### TASK BRIEF
In the listing that follows, find the line with "LEGO Star Wars 75384 - Crimson Firehawk", then copy exactly from it through the line with "Fan Tattoo Symbol", leaving out every picture.

** Opening SOURCE MATERIAL block **

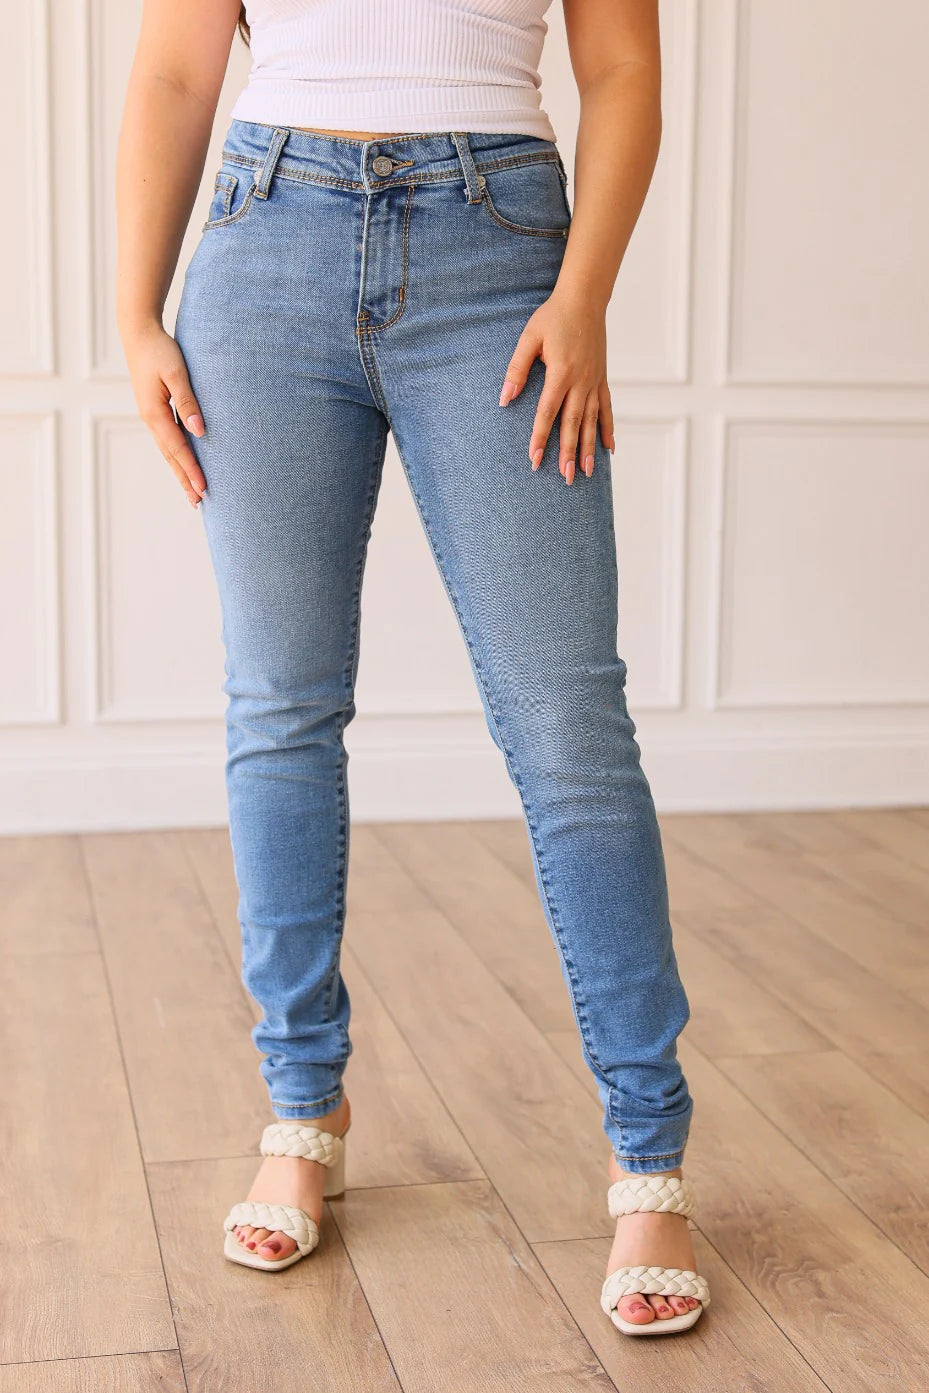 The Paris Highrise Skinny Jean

** Closing SOURCE MATERIAL block **
** Opening SOURCE MATERIAL block **

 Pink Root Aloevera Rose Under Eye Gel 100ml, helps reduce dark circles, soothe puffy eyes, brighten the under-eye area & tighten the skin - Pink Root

** Closing SOURCE MATERIAL block **
** Opening SOURCE MATERIAL block **

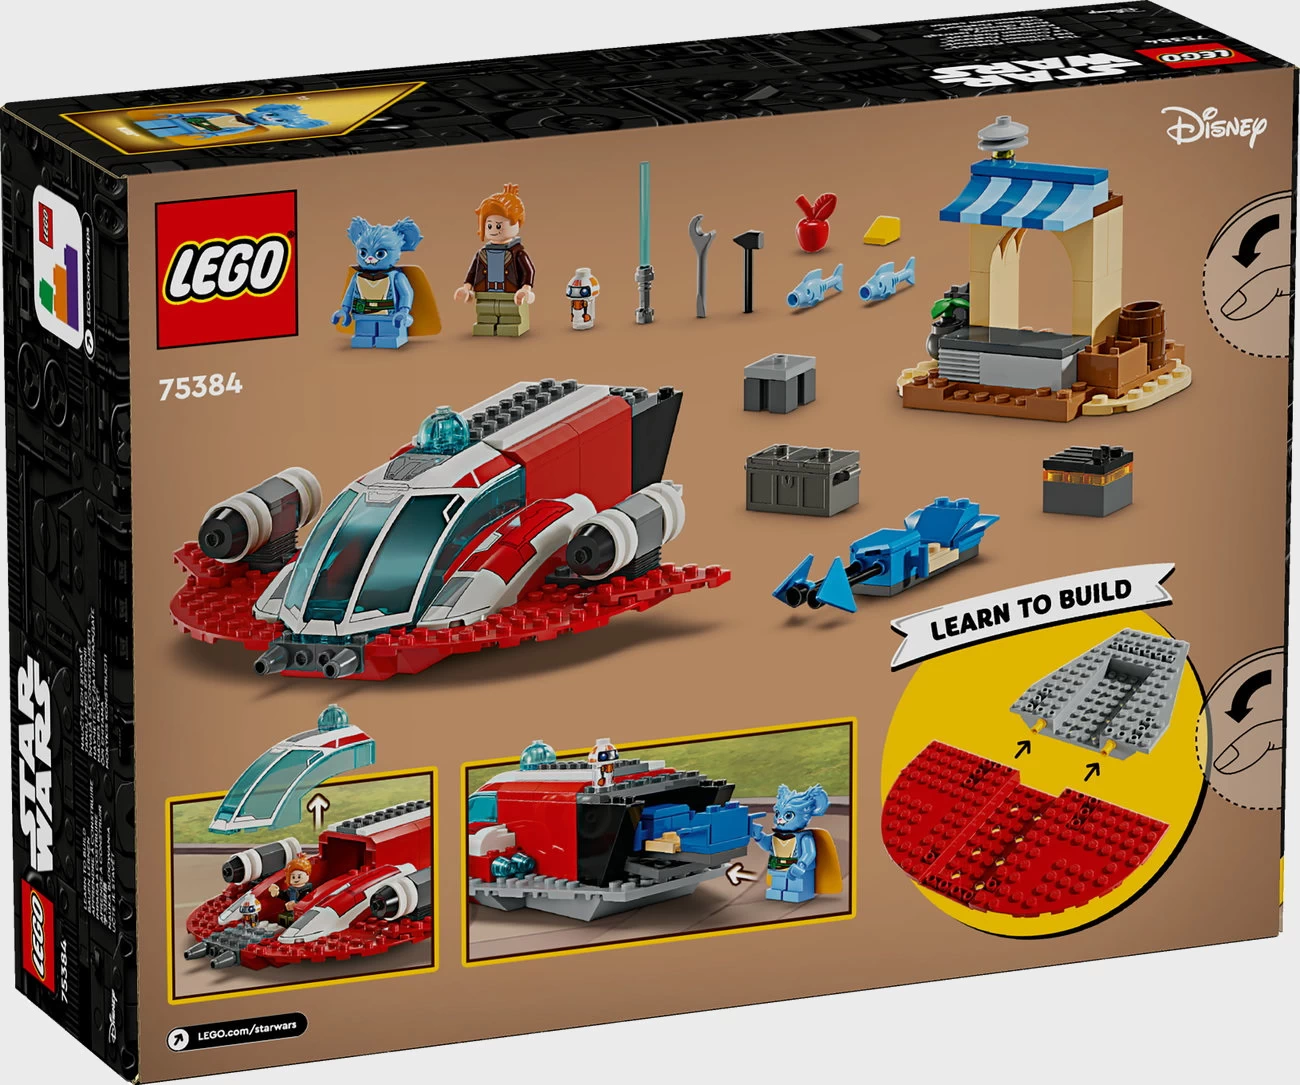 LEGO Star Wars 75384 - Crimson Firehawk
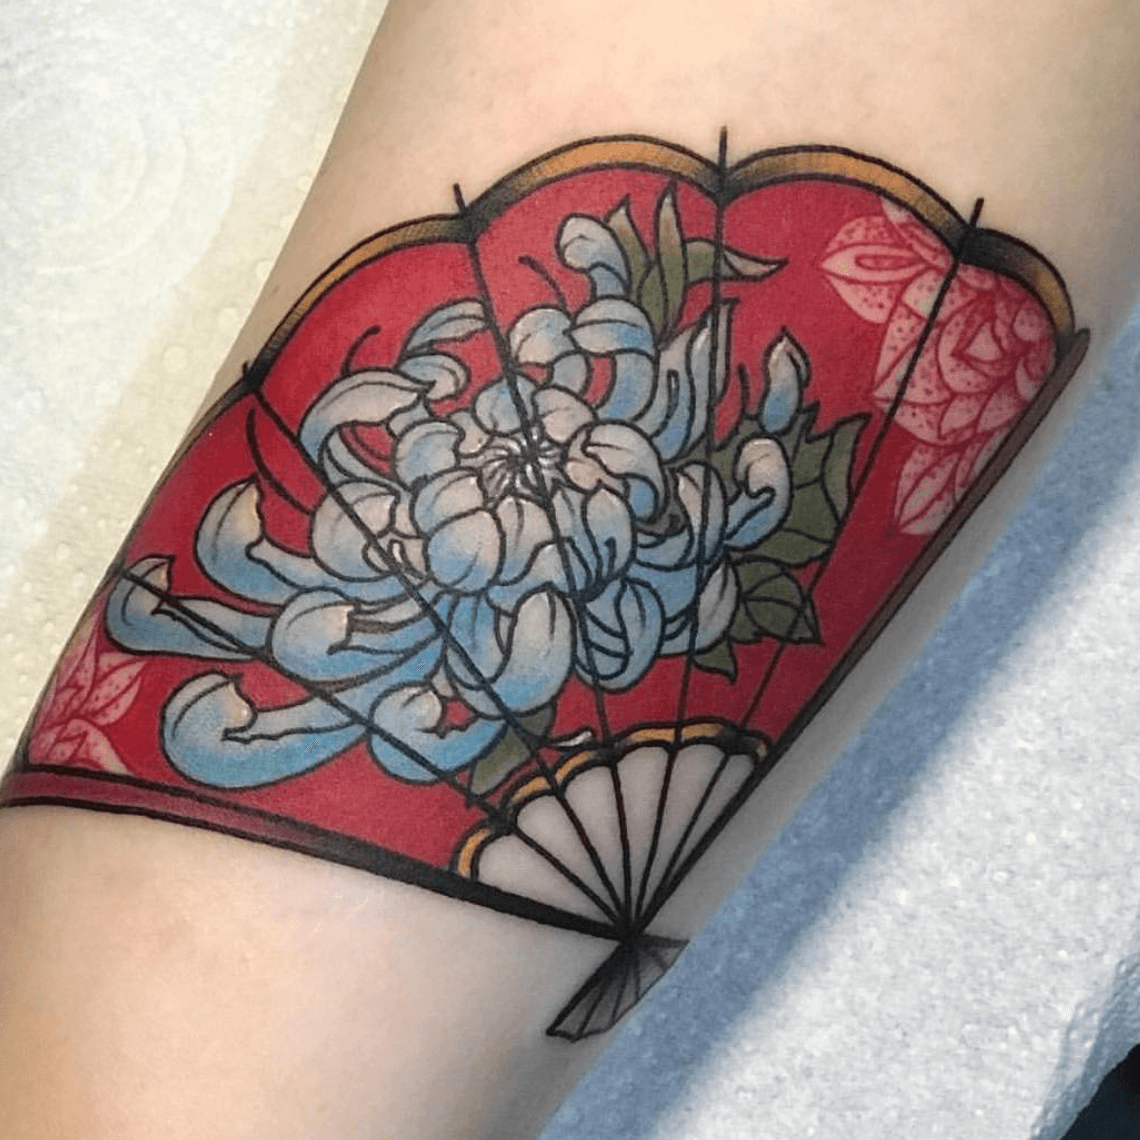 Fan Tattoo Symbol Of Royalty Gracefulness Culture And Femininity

** Closing SOURCE MATERIAL block **

### RESPONSE TO THE EXERCISE
 LEGO Star Wars 75384 - Crimson Firehawk
 Fan Tattoo Symbol Of Royalty Gracefulness Culture And Femininity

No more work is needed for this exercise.